* **Task data**
* * * * * * *
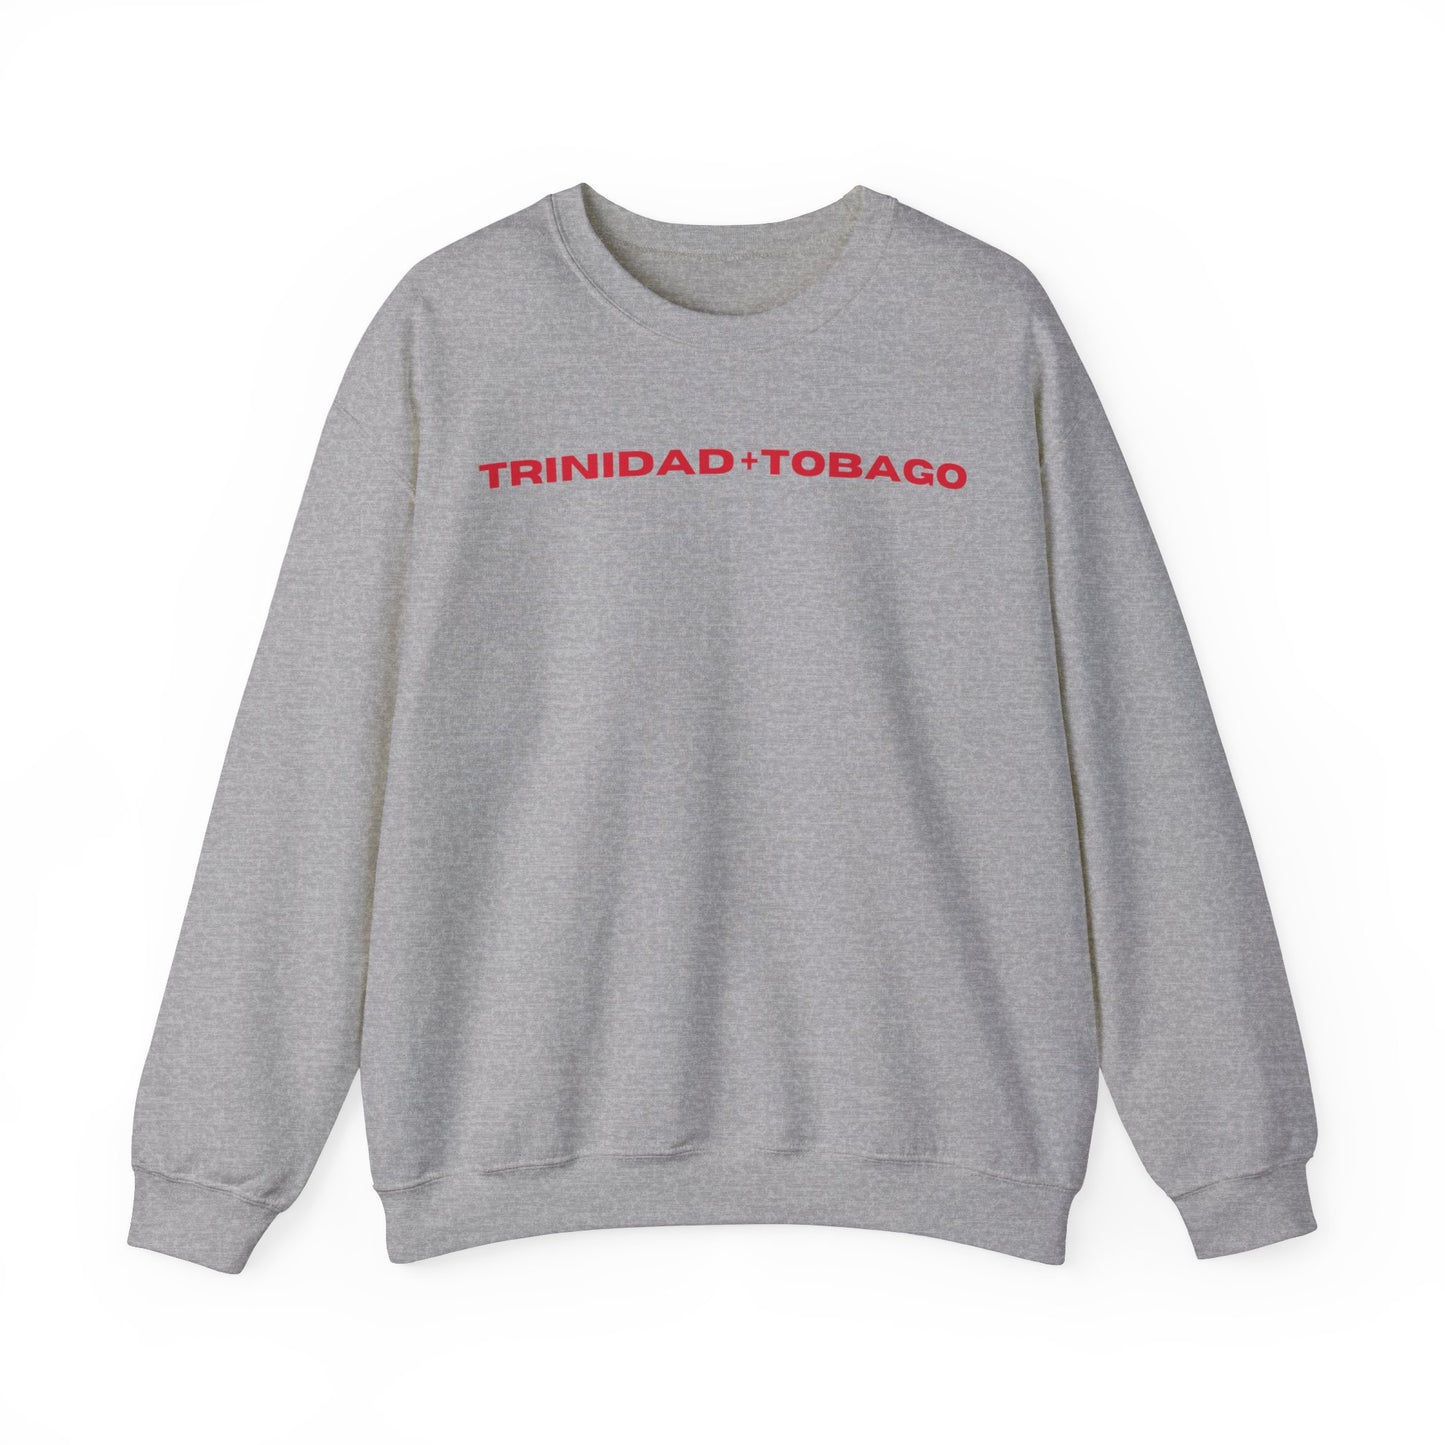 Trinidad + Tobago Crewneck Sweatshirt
* * * * * * *
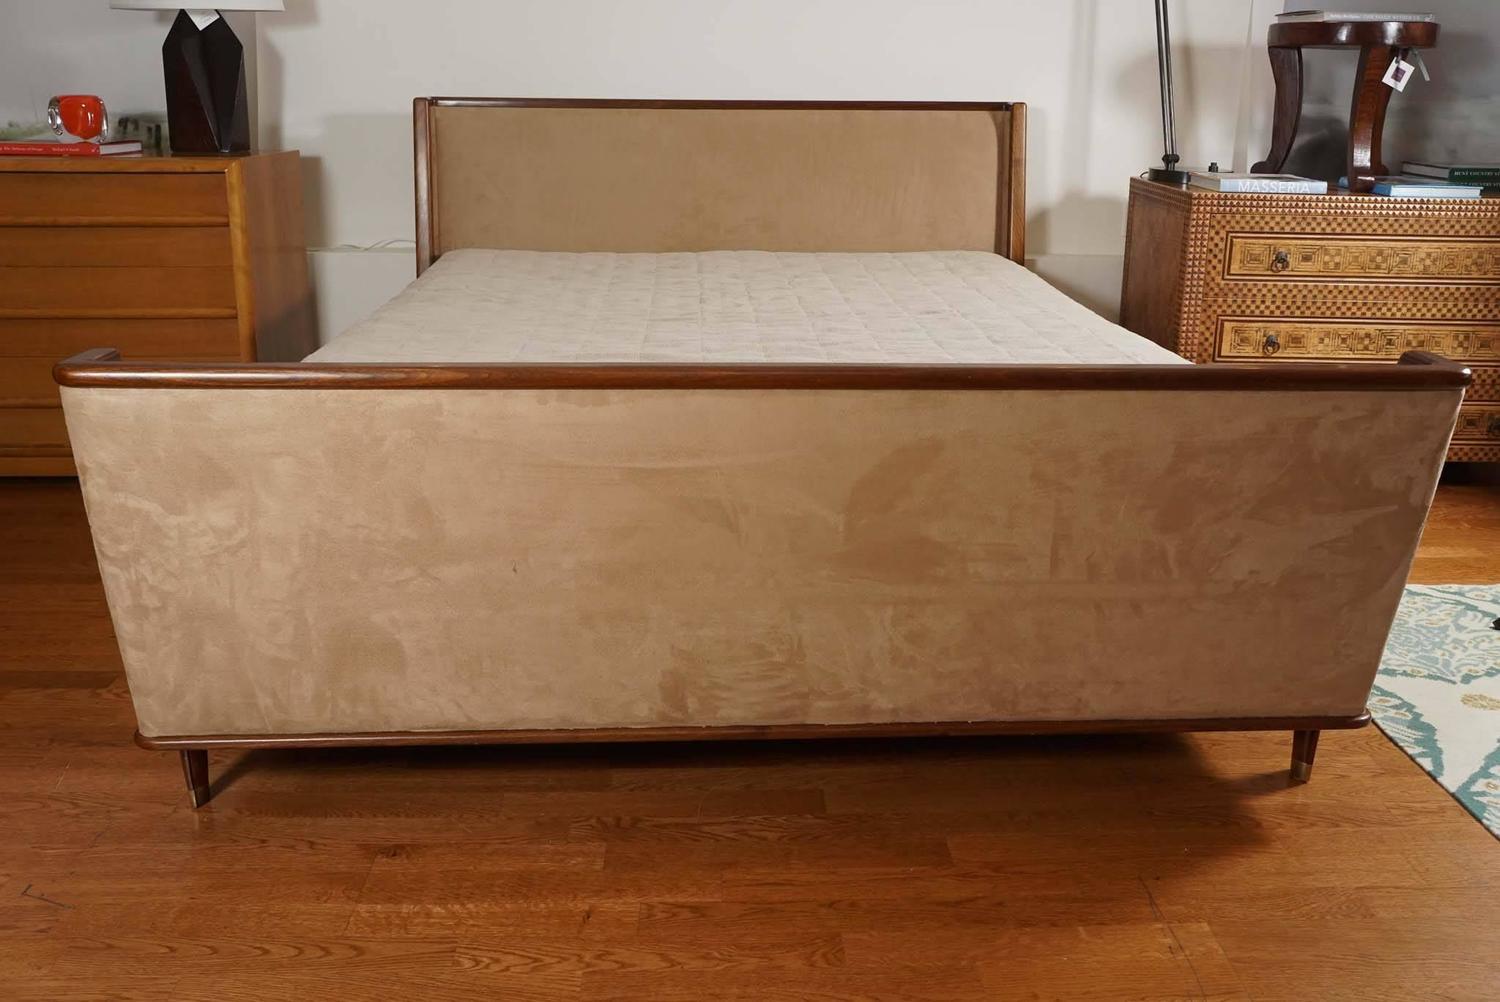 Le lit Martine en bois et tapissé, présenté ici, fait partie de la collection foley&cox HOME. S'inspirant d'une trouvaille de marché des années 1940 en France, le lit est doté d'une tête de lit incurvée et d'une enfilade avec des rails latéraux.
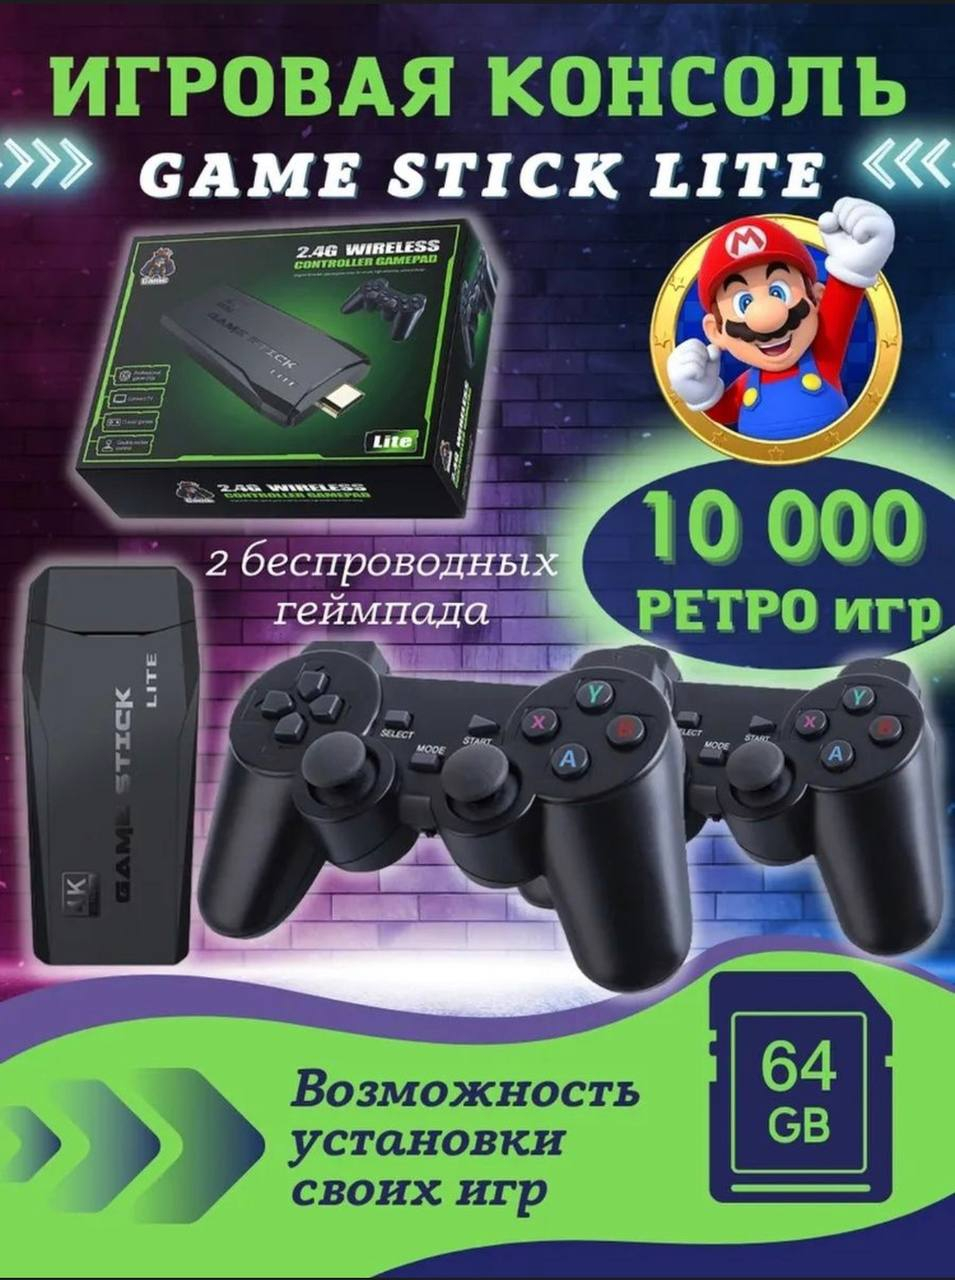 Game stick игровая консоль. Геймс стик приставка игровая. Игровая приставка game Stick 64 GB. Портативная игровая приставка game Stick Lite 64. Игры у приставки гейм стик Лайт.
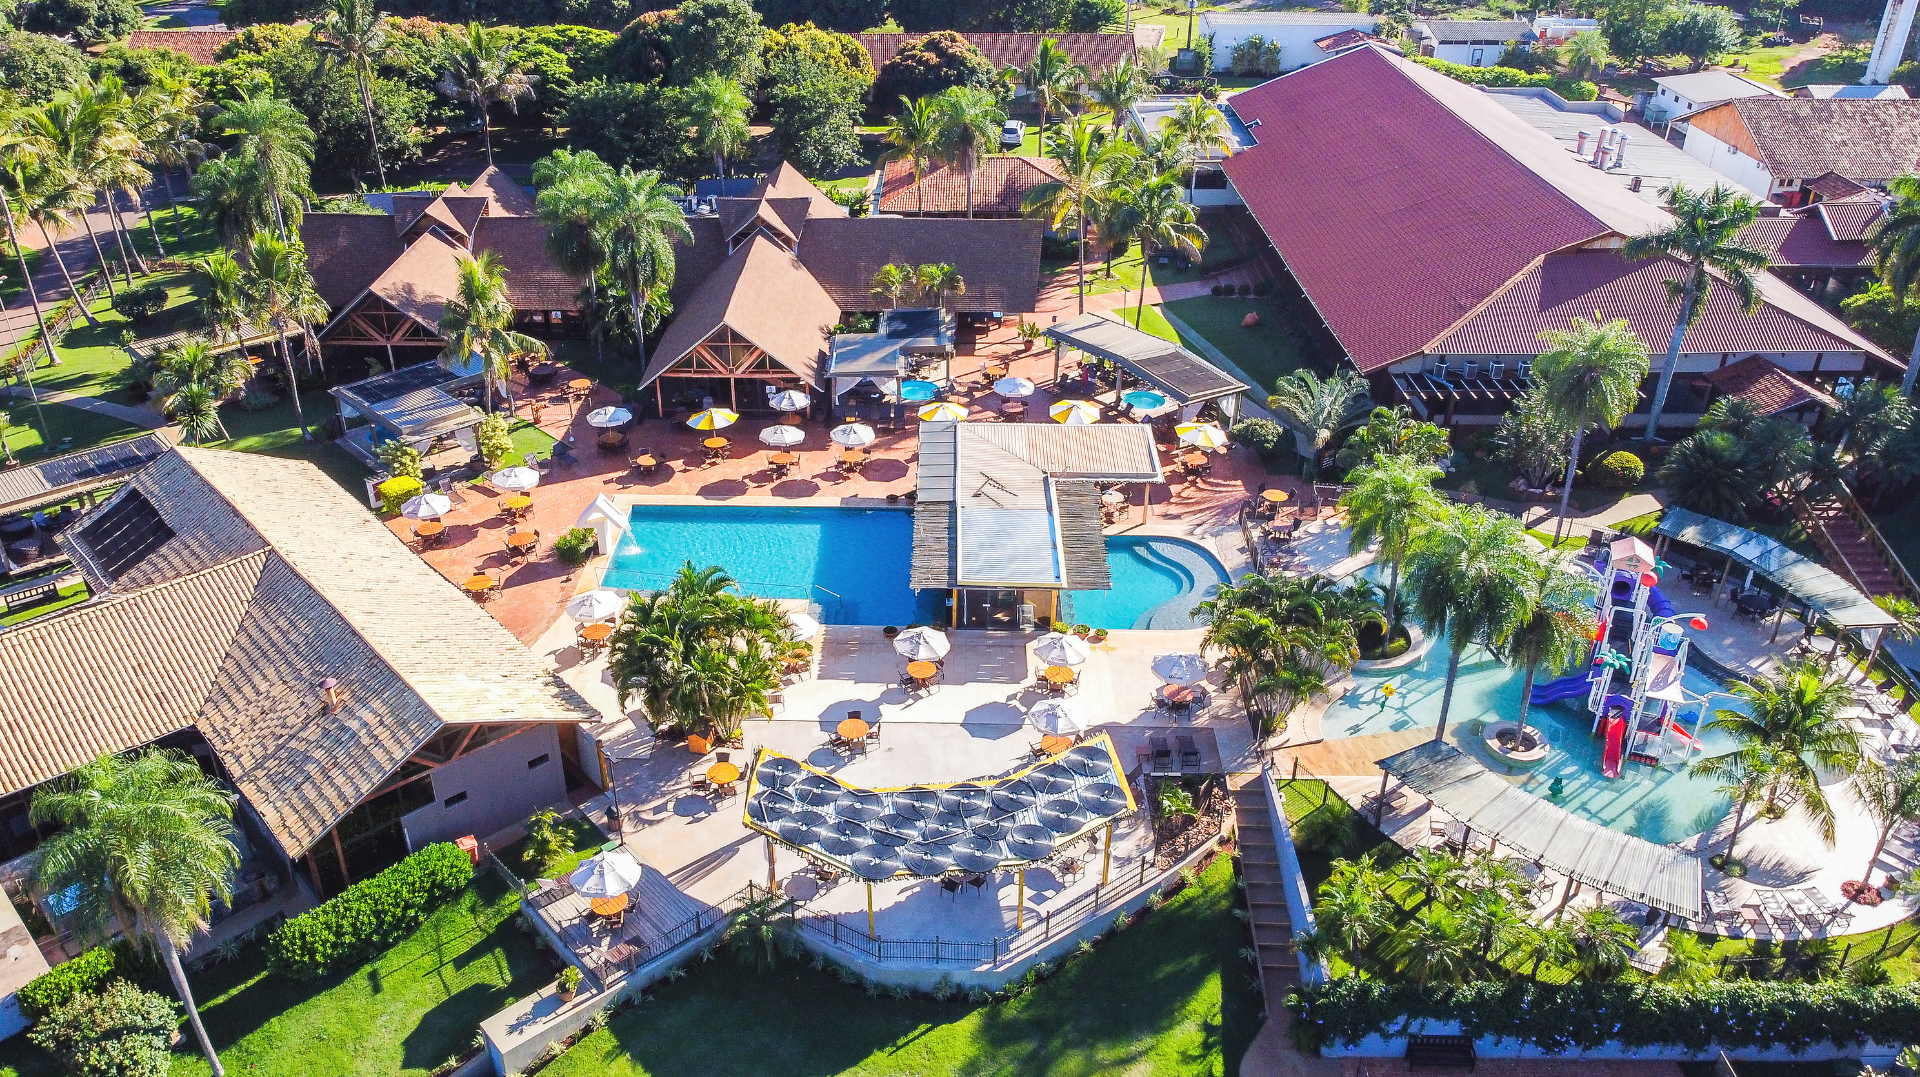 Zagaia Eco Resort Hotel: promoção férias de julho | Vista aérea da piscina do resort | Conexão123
* * * * * * *
What's needed is an exact copy of the records above from the line containing "Game stick игровая" down to the line containing "Zagaia Eco Resort", both included, without any pictures.

 Game stick игровая консоль. Геймс стик приставка игровая. Игровая приставка game Stick 64 GB. Портативная игровая приставка game Stick Lite 64. Игры у приставки гейм стик Лайт.
 Zagaia Eco Resort Hotel: promoção férias de julho | Vista aérea da piscina do resort | Conexão123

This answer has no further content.